Create new worker instance groups

To ensure minimal application downtime, we’re going to create new worker instance groups with the changes we applied to the live manifest above:

kops create instancegroup nodes-<kubernetes-version>-eu-west-2a
kops create instancegroup nodes-<kubernetes-version>-eu-west-2b
kops create instancegroup nodes-<kubernetes-version>-eu-west-2c
kops create instancegroup 2xlarge-nodes-<kubernetes-version>     # <--- Monitoring/Prometheus nodes
kops update cluster
kops update cluster --yes

We use the kubernetes-version to identify the new node group.
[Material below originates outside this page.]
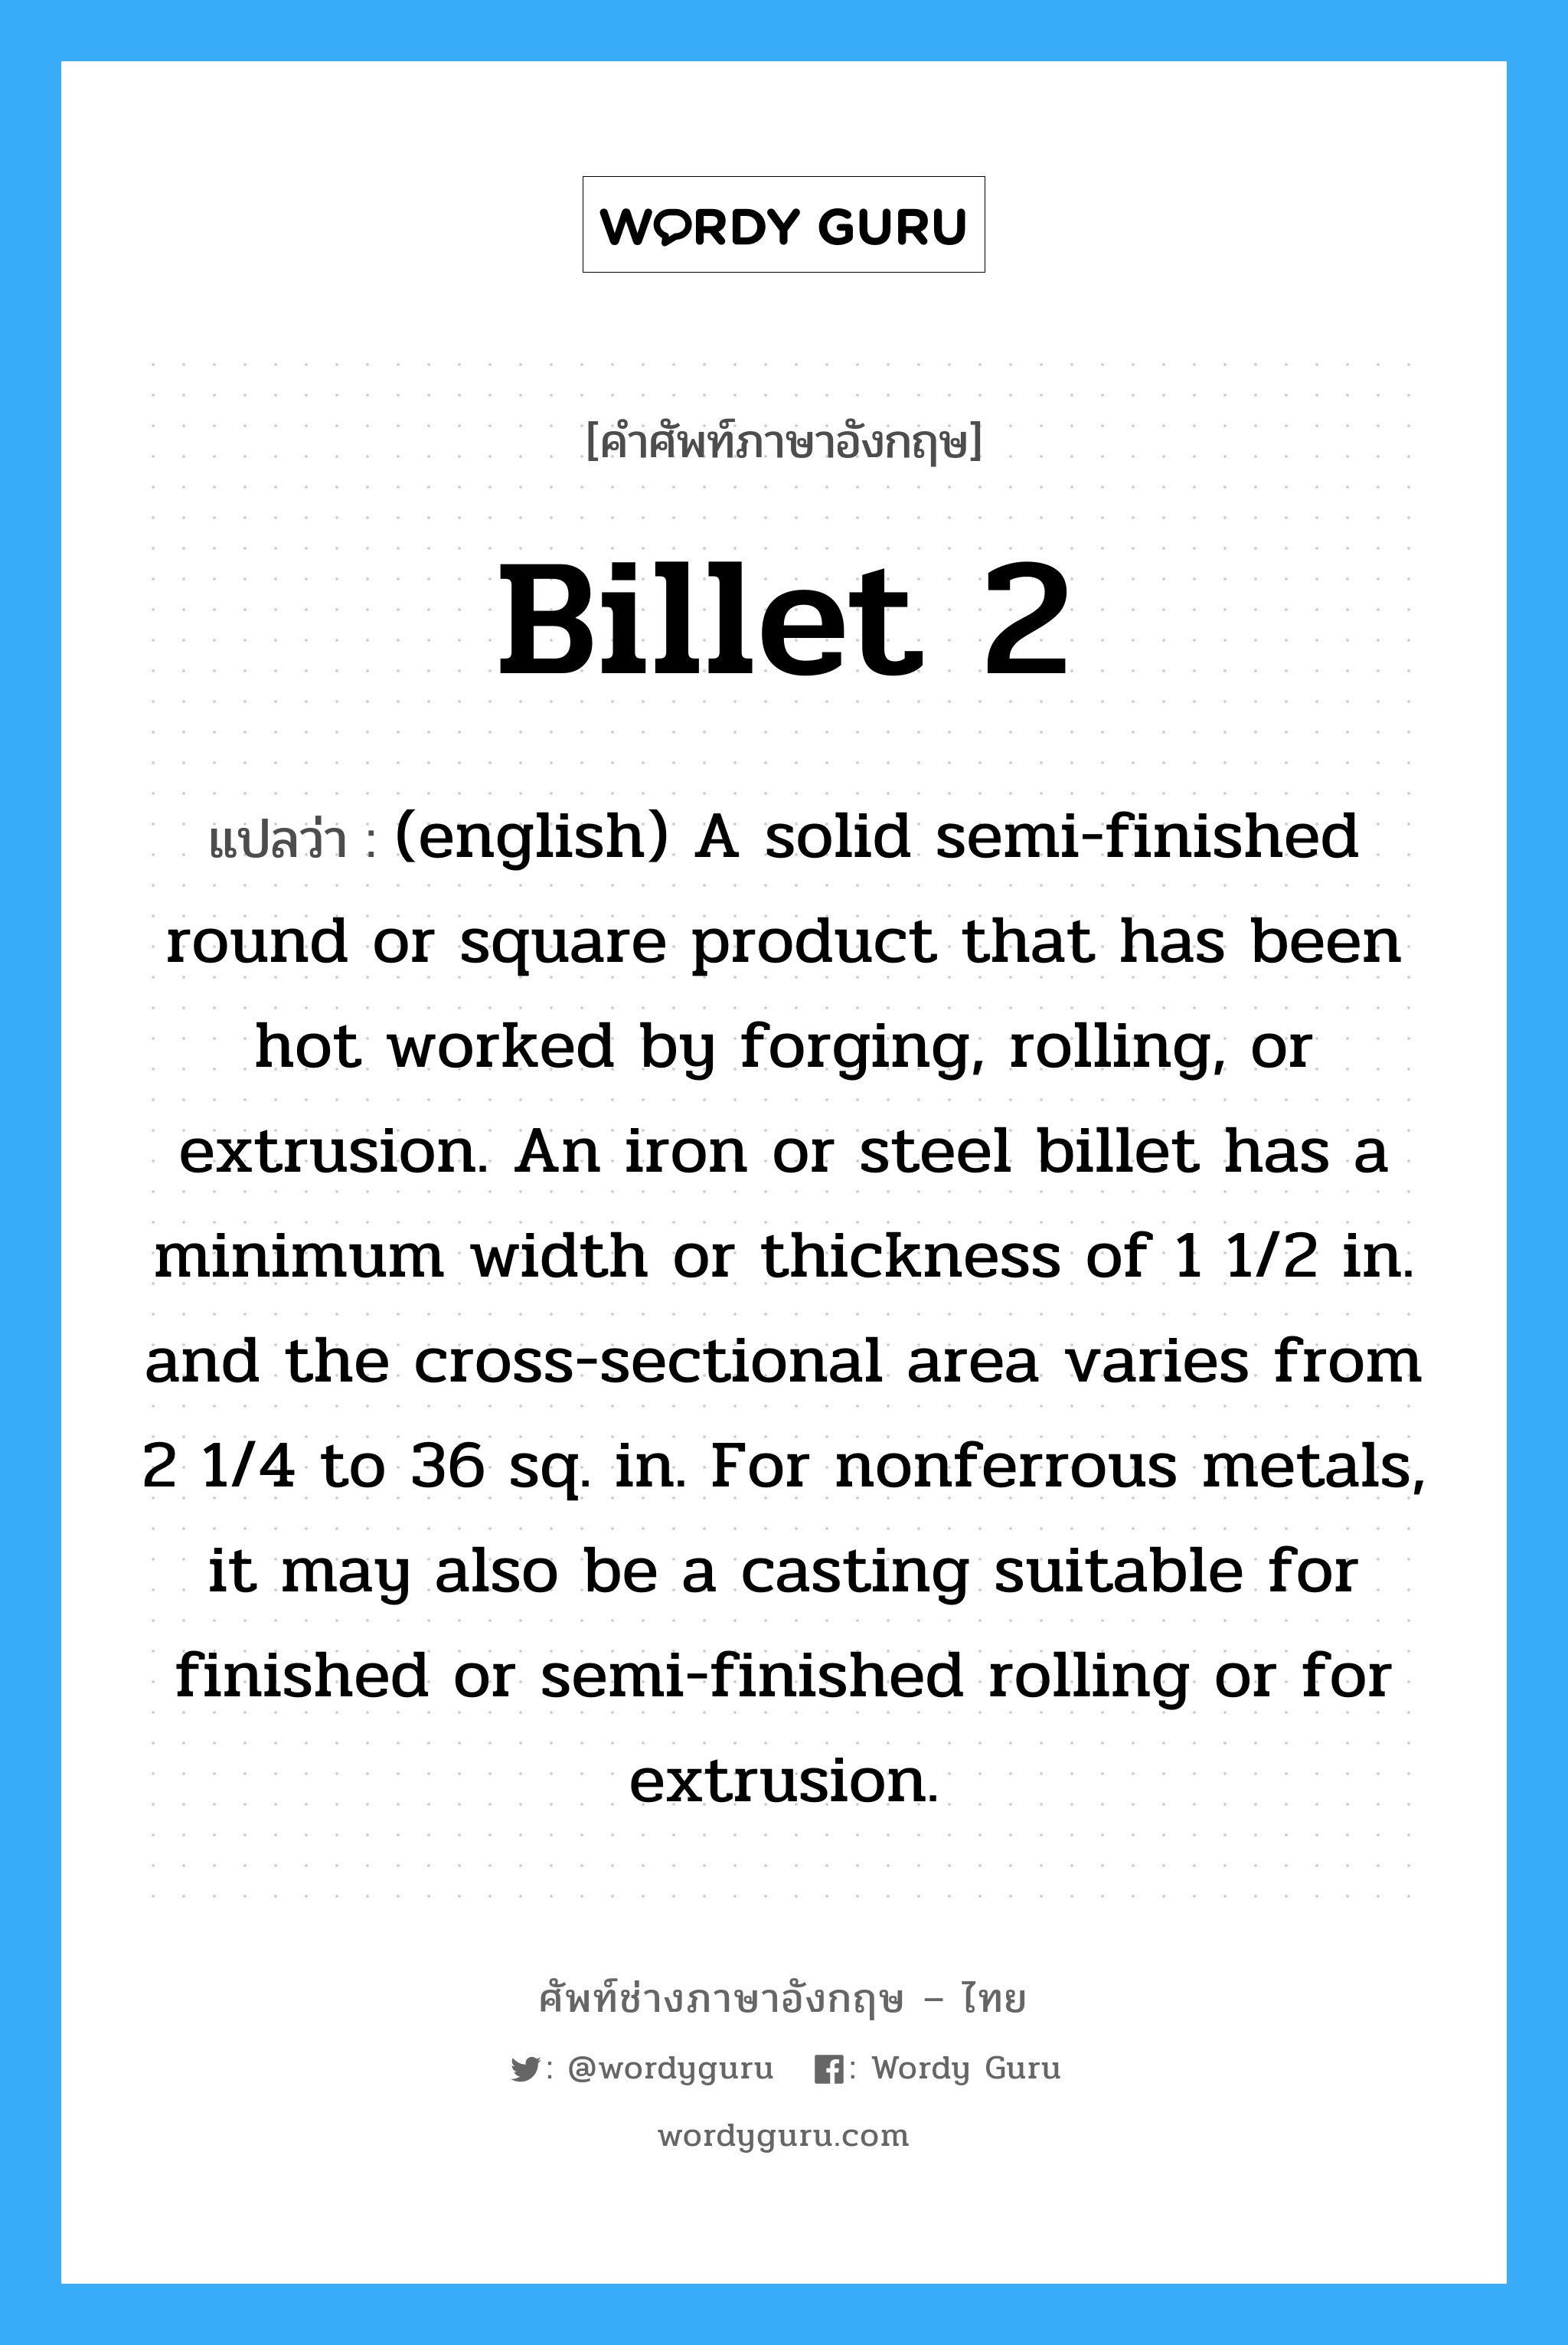 Billet 2 แปลว่า?, คำศัพท์ช่างภาษาอังกฤษ - ไทย Billet 2 คำศัพท์ภาษาอังกฤษ Billet 2 แปลว่า (english) A solid semi-finished round or square product that has been hot worked by forging, rolling, or extrusion. An iron or steel billet has a minimum width or thickness of 1 1/2 in. and the cross-sectional area varies from 2 1/4 to 36 sq. in. For nonferrous metals, it may also be a casting suitable for finished or semi-finished rolling or for extrusion.

New instances will be created, which you’ll see with:

watch kubectl get nodes

Cordon old workers

Create a script to cordon the old nodes, using the file we created earlier:

cat nodes | sed 's/^/kubectl cordon /' > cordon_nodes

Execute the new file:

bash cordon_nodes

Scale the number of ingress controllers

To ensure ingress controllers are running on the new nodes run:

kubectl -n ingress-controllers edit deployment nginx-ingress-acme-ingress-nginx-controller

…and double the number of replicas.

Drain the old worker nodes

Create a script to drain the old nodes, using the file we created earlier:

cat nodes | sed 's/^/kubectl drain /' | sed 's/$/ --ignore-daemonsets --delete-local-data/' > drain_nodes

Execute the new file:

bash drain_nodes

Each node will drain all pods, moving them onto the new workers.

Validate the cluster

Ensure all nodes have joined the cluster:

kops validate cluster

Run the integration tests again

Run the integration test pipeline and wait for the tests to pass. This will ensure the live cluster is functioning as expected.

Delete the old instance groups

When complete and all pods have migrated onto the new workers. Delete the old instance groups:

kops delete instancegroup nodes-<old-kubernetes-version>-eu-west-2a
kops delete instancegroup nodes-<old-kubernetes-version>-eu-west-2b
kops delete instancegroup nodes-<old-kubernetes-version>-eu-west-2c
kops delete instancegroup 2xlarge-nodes-<kubernetes-version>
kops update cluster
kops update cluster --yes

Scale the ingress-controllers down

We can now scale the ingress-controllers back down.

kubectl -n ingress-controllers edit deployment nginx-ingress-acme-controller

…and reduce the number of replicas.

Commit changes back to main branch

Any changes made to the cloud-platform-infrastructure repository should be PRd for review. This includes manifest changes and image tag changes.

This page was last reviewed on 2 November 2021. It needs to be reviewed again on 2 February 2022 by the page owner #cloud-platform .
This page was set to be reviewed before 2 February 2022 by the page owner #cloud-platform. This might mean the content is out of date.